Usualy placebo arms get less than 50% of the patients anyway. So most people on trials get the drug. And no, you cannot "apply the science later" because you specifically want to see the difference in PFS (progression free survival) and OS (overall survival) on both groups, and for it to be comparable they need to start with the same baseline.

But we're talking about people who have been told "this disease is going to kill you." If a treatment causes even 5 percent of them to be cured, how is that not significant? What if 40 percent have tumors shrink? Remember, any reversal of the disease is a good thing. If you're just measuring a statistical increase in life span (say 3 years treated vs 1 year placebo), I'd say you're not really aiming high enough. If you've got something with real promise you'd know it without a control group. The person in this article is exactly such a case.

It's more that the controlled placebo group will also be controlled for other medications that could compromise the research. If I have cancer A and I'm taking three or four medications + an experimental medication then it's difficult to know which factor affects the results. So the control group will be on the same types of medication in a proper study where as a sort of ad-hoc grouping of patients would be less easy if not impossible to accurately report.

I assumed we'd be comparing to the predicted outcome from no treatment, but I suppose if you wait until Hospice time there's not going to be much success with even the best virus compared to doing nothing. Which raises other questions about just how long and at what cost we try to delay the inevitable.

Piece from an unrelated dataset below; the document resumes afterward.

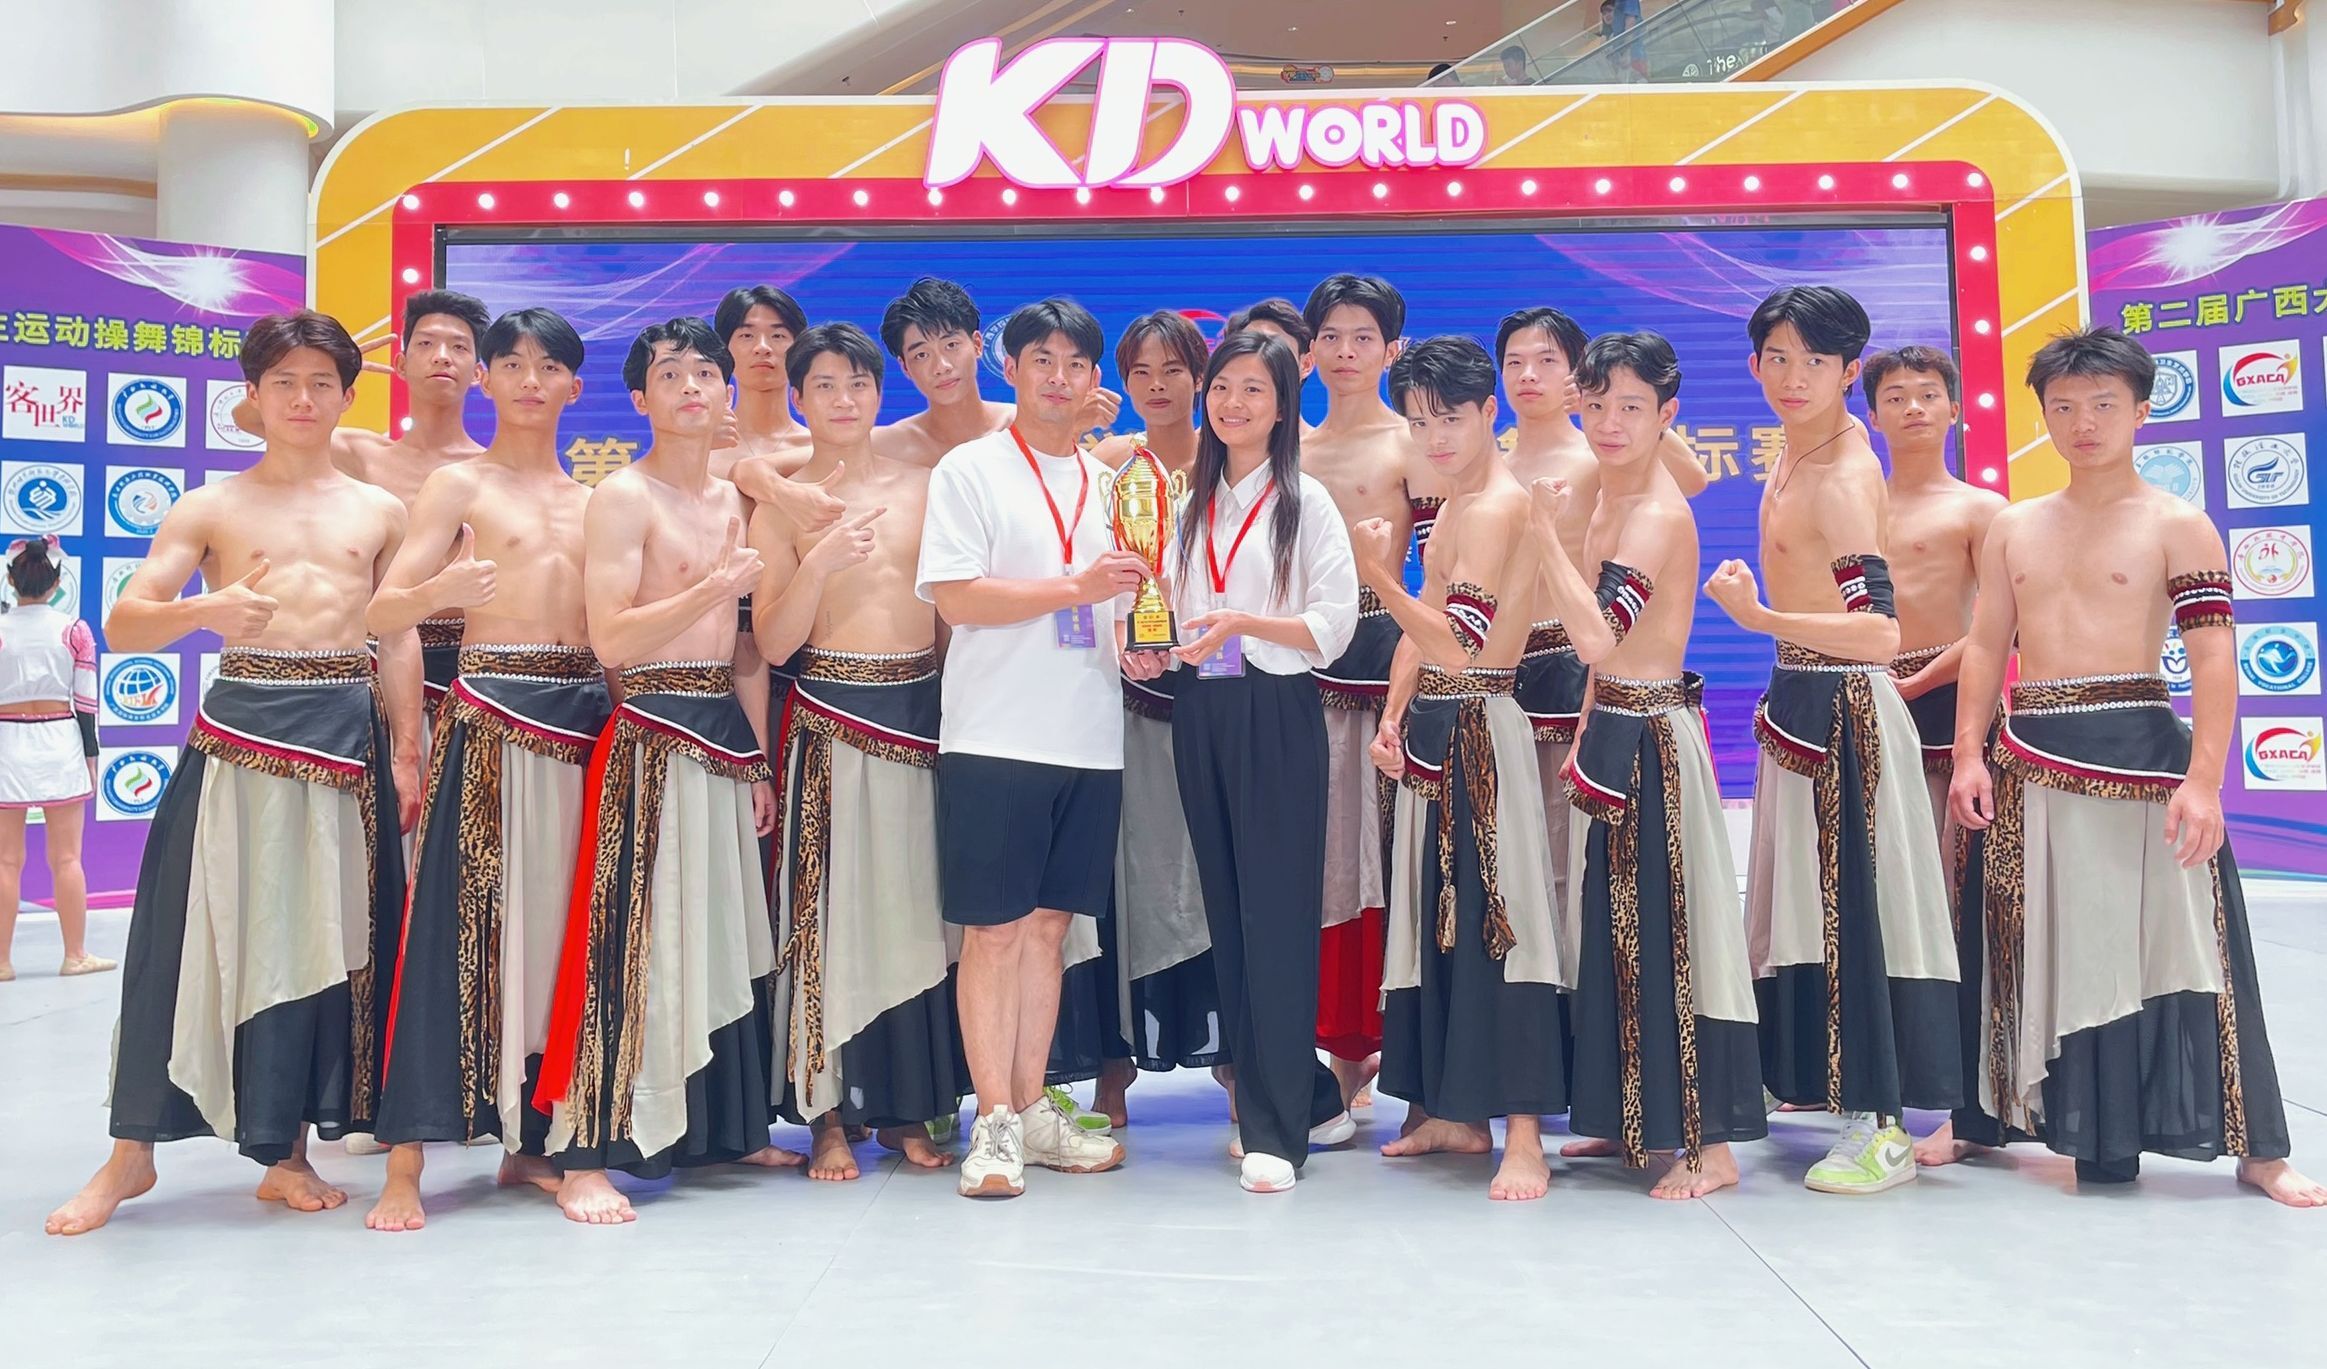 法甲比赛下注平台(中国)有限公司学子在第二届广西大学生运动操舞锦标赛中荣获民族民间舞赛项第一名

For many drug trials, the "control" group isn't getting no drugs - they're getting the current standard of care, whatever that is.

It's not just that. If it's not properly and exhaustively tested, then they open themselves up to litigation by people who recover less than 100% or who have a new symptom.

It's also worth noting that there is a constant sussurus of "miracle cure for foo!" that doesn't actually pan out in the long run.

Both very good points. To the first though, I imagine you could sign away your rights to post-treatment legal action beforehand.

The main problem with that is you will have a lot if nefarious groups abusing the situation. Desperate people will sign away their rights without understanding their risks. And even though they may already be dying, they can always suffer more. I fear this would lead to dangerous experimentations.